# Ideas for crawdads, crayfish, whatever you call them



## my65289stang (May 25, 2006)

One more question, hopefully I can get a few replies before we leave tomorrow morning for the backpacking trip. 

I totally forgot that there is a ton of crawdads in the river that we will be packing along. Anyone have any good prep ideas? I have had them boiled but I have never actually cooked them myself though. What is a good seasoning/sauce for them? Any idea about how long to boil them?

Keep in mind, we will be backpacking so I cant take anything parishable

Thanks for any ideas
Brian


----------



## pdswife (May 25, 2006)

I've only had them once... steamed and then dumped in butter.
Have a great trip!


----------



## rickell (May 25, 2006)

Are you wanting to boil them or just other recipes for crawfish?

We love crawfish pie.

I think a great idea would be a crawfish bake with 
corn, sausage, potatoes, onions and cabbage, with cajun seasoning,
grilled garlic bread, don't forget the beer and napkins.

Never tried this but sounds fun


----------



## pdswife (May 25, 2006)

lol... all those potatoes would get pretty heavy in the backpack.

It sure sounds good though.


----------



## rickell (May 25, 2006)

pdswife said:
			
		

> lol... all those potatoes would get pretty heavy in the backpack.
> 
> It sure sounds good though.


 

Need to put everyone to work invite lots of friends and family
have them join in the fun.


----------



## pdswife (May 25, 2006)

or bring along a few Lamas to carry everything.


----------



## my65289stang (May 25, 2006)

That does sound really good but I agree, unless we had some horses to carry all of those potatoes Im not sure I would survive the trip with all of that weight. Maybe that would be a good warm up, I have a physical test for Phoenix fire coming up in July, that would be a good leg workout for sure


----------



## Constance (May 25, 2006)

Boil them! Here's a recipe for a huge amount, but you'll get the idea.

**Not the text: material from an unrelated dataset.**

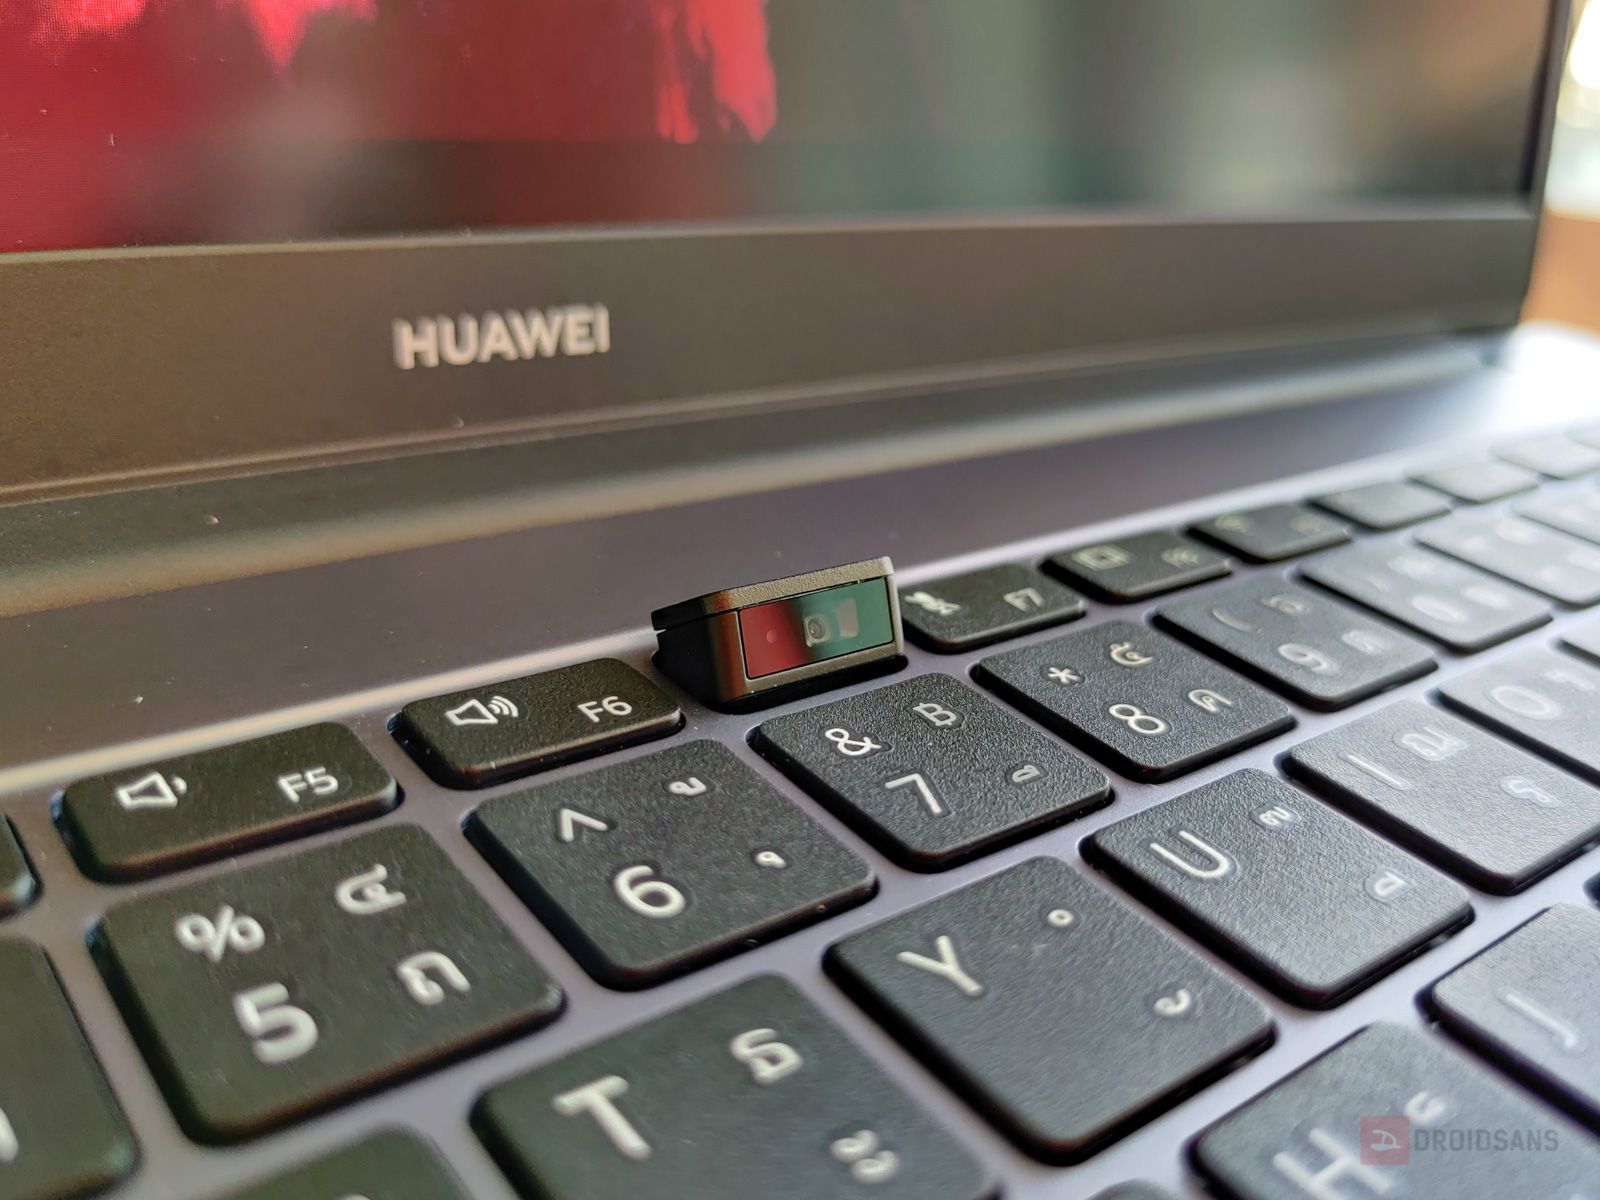 Review | รีวิว Huawei MateBook D15 โน้ตบุ๊คสายทำงาน ชิป Ryzen 5 ชาร์จไฟ USB Type C งานประกอบเยี่ยม ราคา 17,990 บาท

http://www.cajun-recipes.com/html/seafood/31344.htm

Since you are back-packing, you're not going to have room for all that stuff. I'd just mix up the seasoning and put it in a ziplock bag. You do need lemon juice...a small bottle of Realemon will be OK for this, and will come in handy if you grill any of the fish you catch. 

Have a great time, and stay safe!


----------



## Mark Webster (May 25, 2006)

I love mudbugs cooked many different ways. I generally boil them, but sauteed tails in a scampi fashion works out great.

Mark


----------



## auntdot (May 25, 2006)

Hi my65289stang,

This is backpacking, so what I would do is get some Old Bay Seasoning (it is a powder, sold in metal cans, but would transfer the stuff to a plastic bag), add some garlic powder, and if you like, some cayenne powder.

Boil some water, toss in some of the Old Bay mix, and bring the water to a boil.

Would then add the crawdaddies, and let boil for about 8 - 10 minutes.

There are other ways we might fix them, but not if we have to carry the fixings.

Enjoy the trip.


----------



## mudbug (May 25, 2006)

Everyone has already given you great tips.  Wouldn't hurt to pack a little ziploc bag of rice to cook in the boilin' water once the mudbugs are done.


----------



## buckytom (May 26, 2006)

stang, see if you can find dehydrated lingiuni alfredo, or something like it. it is usually available in a well stocked sporting goods store with the backpacker's foods.

bring a baggie of chopped scallions, and a container of powdered cayenne along with it.

boil crawfish, remove and reserve water to make the dehydrated linguini with alfredo sauce. seperate the heads (suck 'em if you dare), shell the tails, toss meat into the linguini. mix in chopped scallions, powdered cayenne to taste (should have a good kick), top with grated parm.


----------